* **RECORDED INFORMATION**

★ ★ ★ ★ ★

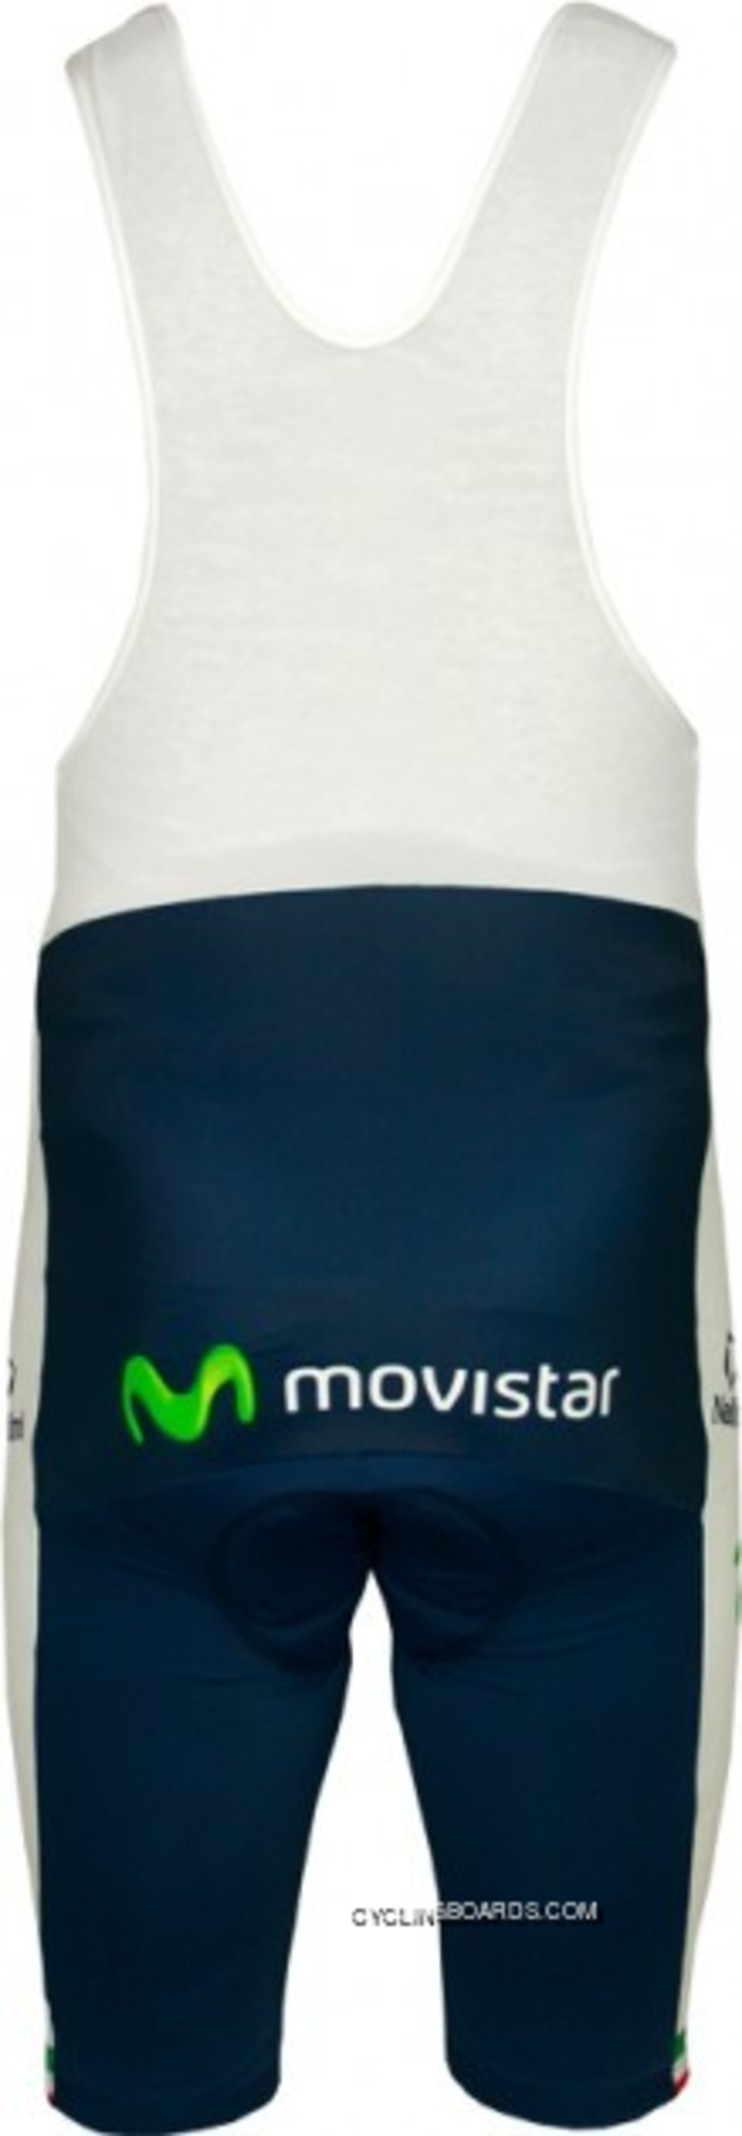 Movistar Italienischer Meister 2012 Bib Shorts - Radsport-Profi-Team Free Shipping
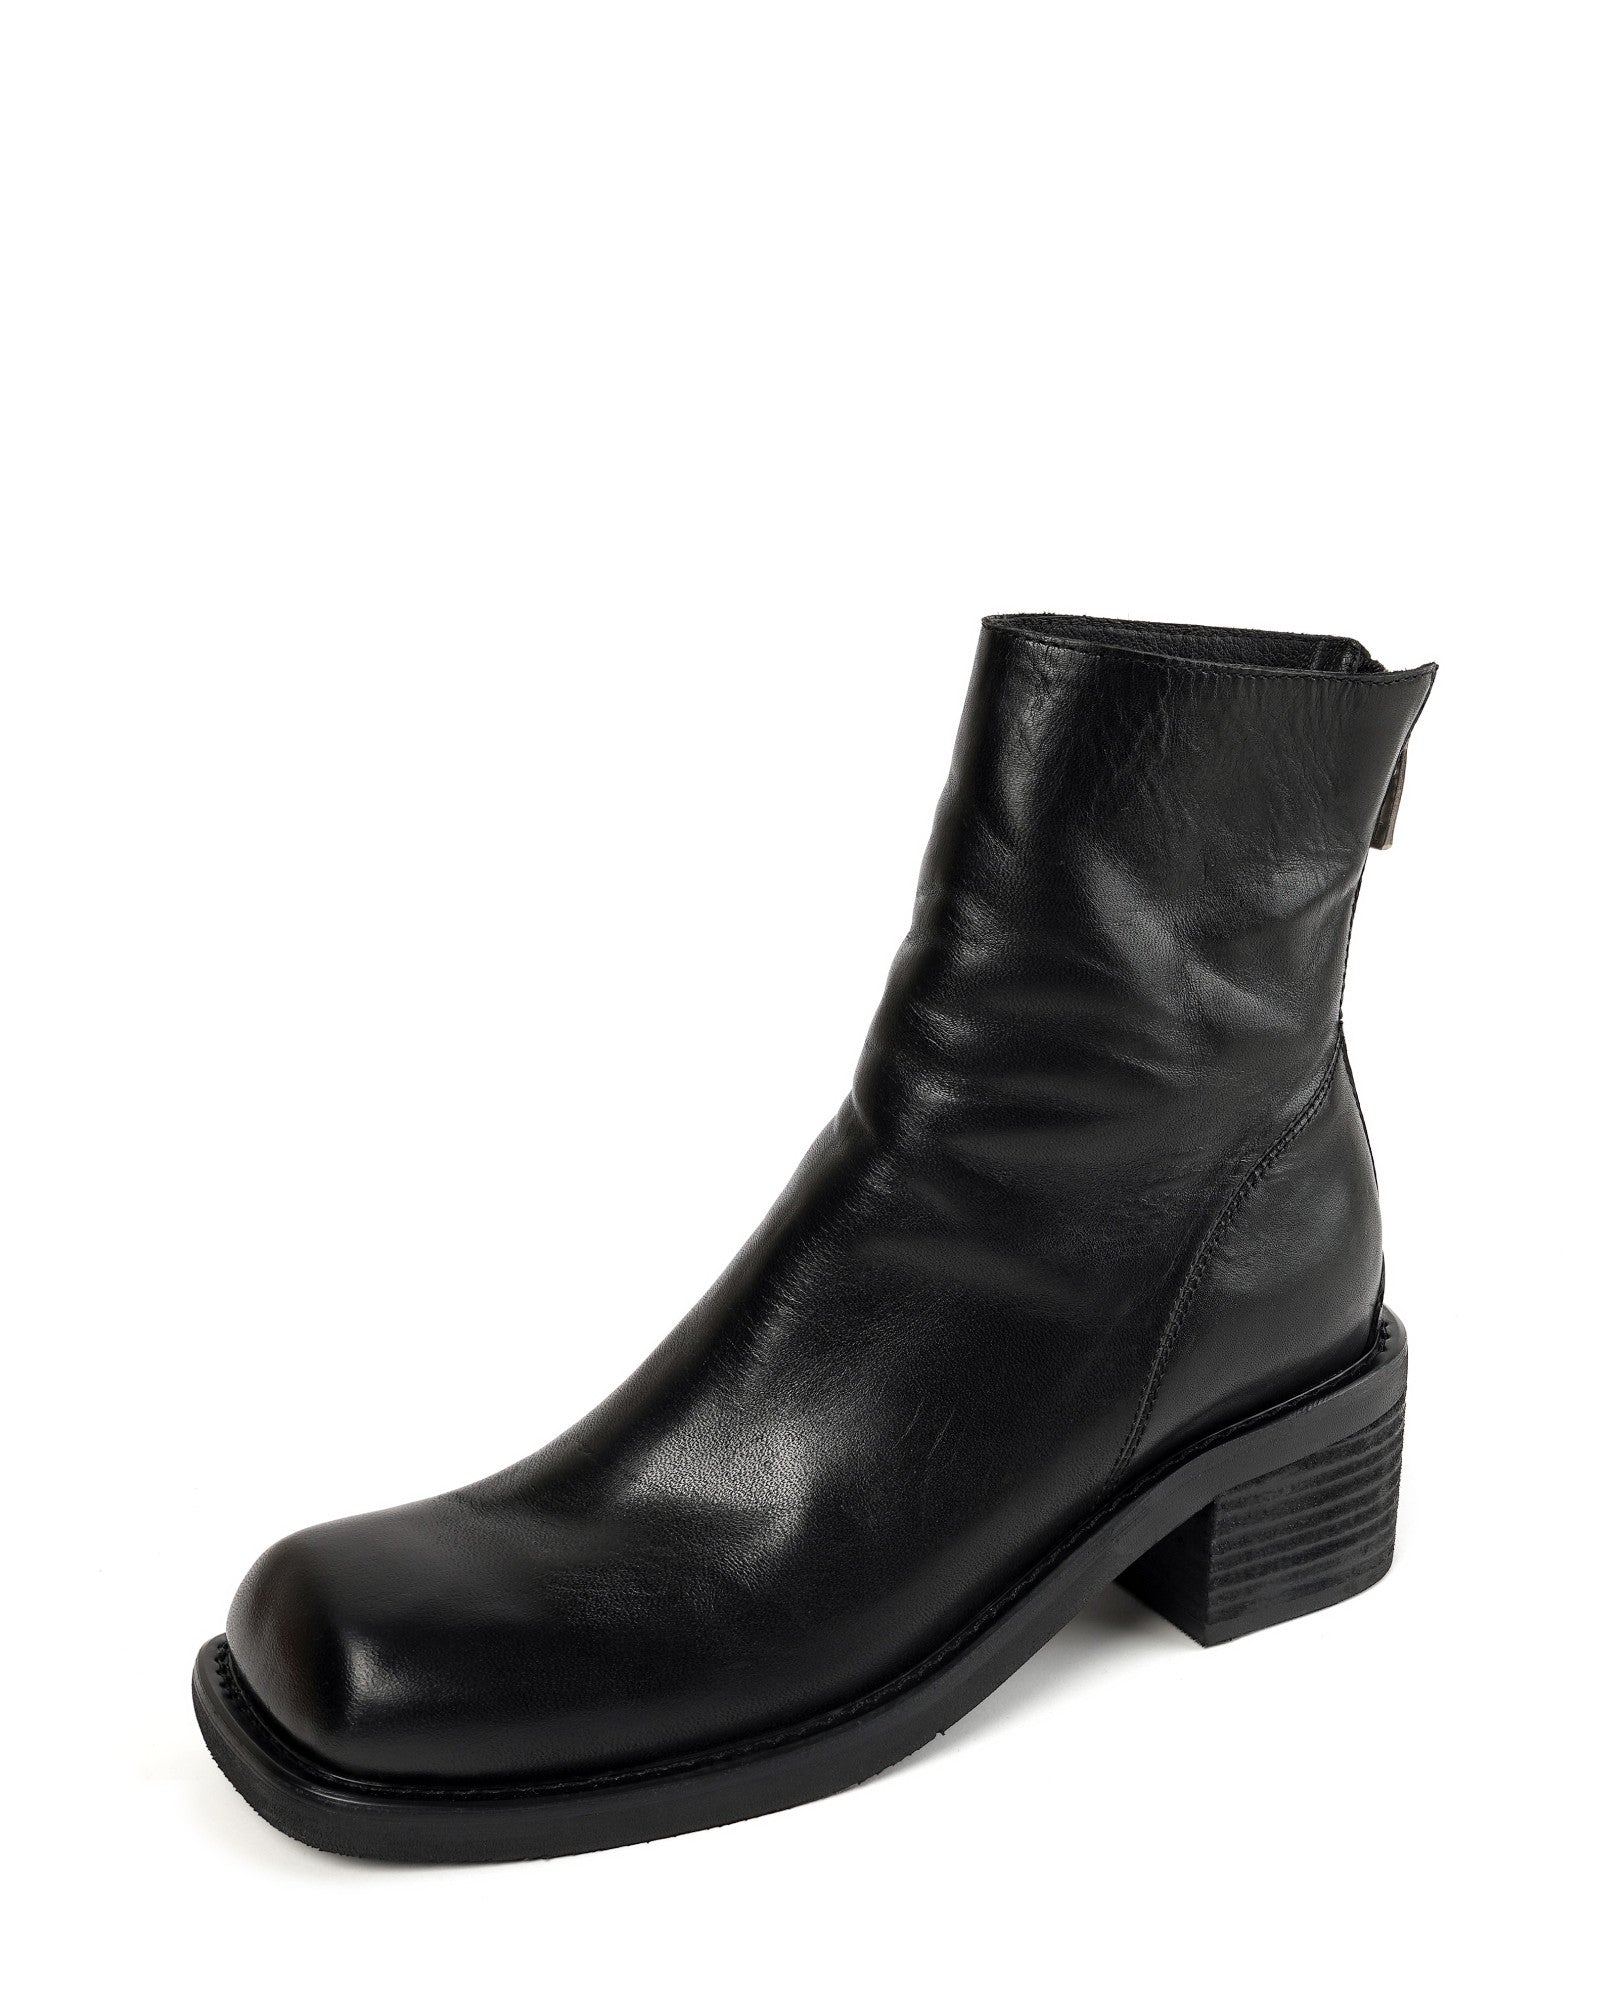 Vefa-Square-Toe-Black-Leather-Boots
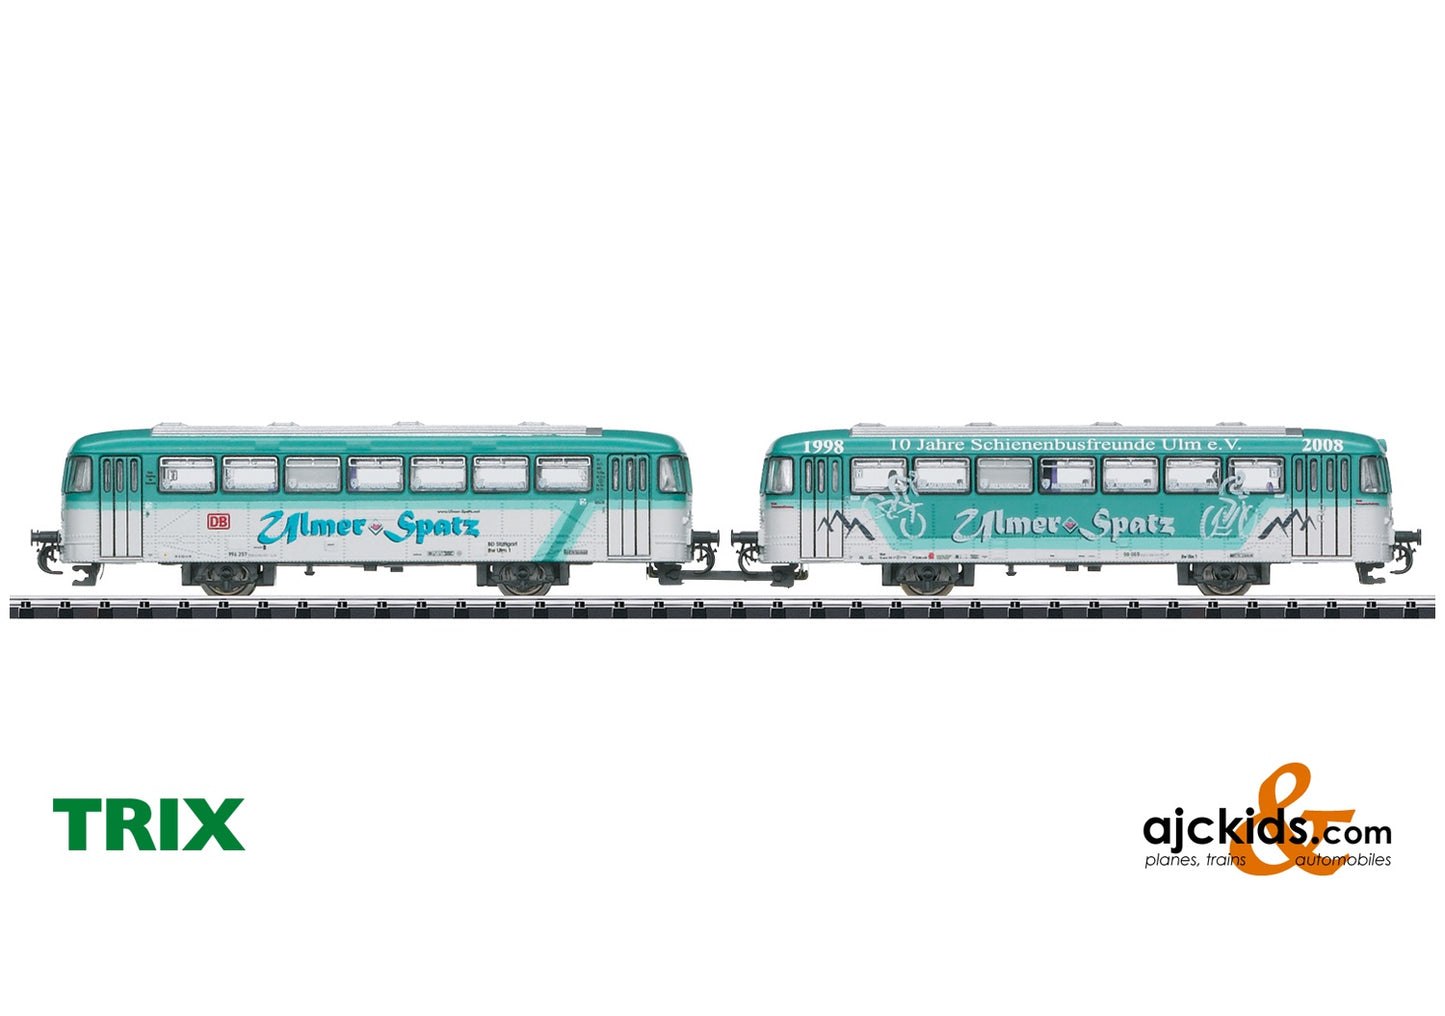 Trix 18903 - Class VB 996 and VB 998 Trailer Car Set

★ ★ ★ ★ ★

* **WHAT TO WORK ON**
The entire listing above, minus its pictures, should be copied out exactly.

* **THE ANSWER**
 Movistar Italienischer Meister 2012 Bib Shorts - Radsport-Profi-Team Free Shipping
 Vefa-Square-Toe-Black-Leather-Boots
 Trix 18903 - Class VB 996 and VB 998 Trailer Car Set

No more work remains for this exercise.